If you voted in the Student Assembly elections Thursday, ask yourself: Why? No, I’m not writing to preach the virtues of not voting — with just 30 to 40 percent of the student body casting their votes, your vote most certainly matters.
I’m asking you, instead, to reflect on your vote in earnest and consider why you chose the ticket you did. Chances are high that you didn’t vote based on the policies of the candidates, what agenda they will push once they assume leadership, or even a vision they promised to fulfill during their year in office. Instead, you likely voted for the candidates who you knew, who were endorsed by people you knew, or who had the strongest social media presence. These elections were a social media showcase and a popularity contest padded with buzzwords and buzzfeeds.
Don’t get me wrong. I am not saying that the candidates’ platforms lacked substance. All three would have been competent leaders in the Student Assembly, and Wednesday’s debate proved that. Over the course of one week, however, the election became a contest of who could churn out the most profile picture endorsements, Facebook likes and video testimonies — all of which decorated the candidates in platitudes, illuminating nothing of the candidates’ ability to run the SA.
Actual policies became secondary. At the week’s end, I was still not clear on any of the candidates’ policies, let alone whom I would be voting for.
While social media is an invaluable tool for reaching out to as many students on campus as possible, it quickly became the be-all, end-all of the campaigns; it was the grounds on which this election was fought and won. Instead of promoting real campaign issues, candidates spread impressive photos, videos and fluffy buzzwords across various social media platforms, which somehow indicated involvement and concern across campus. We were fed easy and attractive messages, not meaningful information.
Consider this: How many concrete ideas and initiatives did you know your candidate of choice was pursuing when you voted for her? While each candidate put forth serious proposals, the substance was lost in a sea of empty, meaningless phrases.
Perhaps this is a negative reflection on us, the voters, for not asking the right questions. Just how will “collaboration, innovation and empowerment” be supported? Given the SA’s budget restraints, how can a functioning business incubator be created?
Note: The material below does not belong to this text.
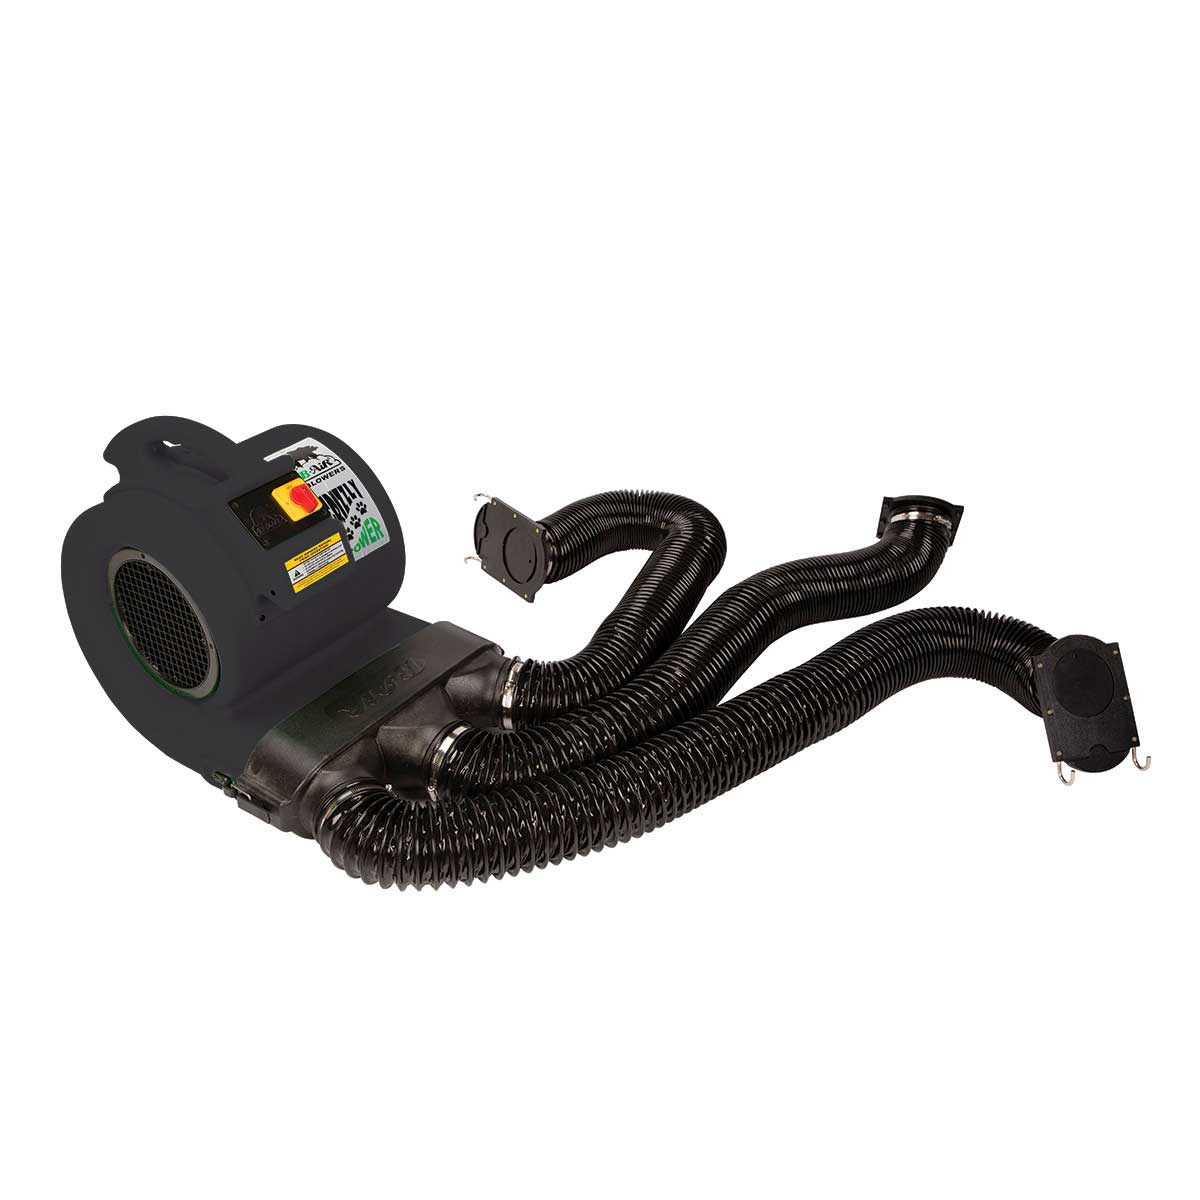 Professional Grooming Black Grizzly B-Air Dryer ETL & Den Drying Kit

What, besides encouraging vague language, does fighting for change imply?
So many campaign promises were backed by almost no evidence, propped up only by legions of yes-men insisting its possibility, that students were unquestioningly convinced that with the SA’s finite budget, these candidates could achieve the impossible.
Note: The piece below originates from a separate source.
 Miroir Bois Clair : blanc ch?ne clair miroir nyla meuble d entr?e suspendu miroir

All too ready to endorse whoever was in our Greek family or a fellow SA senator, we forgot to consider the candidates on their own merit. The presidential debate was the best opportunity for students to test all three candidates on the issues, yet the turnout for it was largely made up of each ticket’s core group of supporters — the people who had already decided their vote.
If you chose to vote for the candidate who you knew or who ran the best social media platform, that’s fine by me. All things considered, your SA leaders will likely not have a huge impact on your next year at the College of William and Mary. Yet at a school that so prides itself in its public servants and commitment to public service, it was both humorous and unsettling to see campaigns run almost entirely on endorsements, buzzword-heavy slogans and photo-ops.
Whether we were naive as voters to so readily accept the watered down campaigns, or the campaigns were wrong in constantly forcing superficiality upon us, I certainly hope that the future of governance, both here at the College and in the towns, cities, states and countries that these candidates may go on to lead, is not determined by who had the best campaign photos, videos and endorsements. That’s nothing more than high school politics and democracy made easy.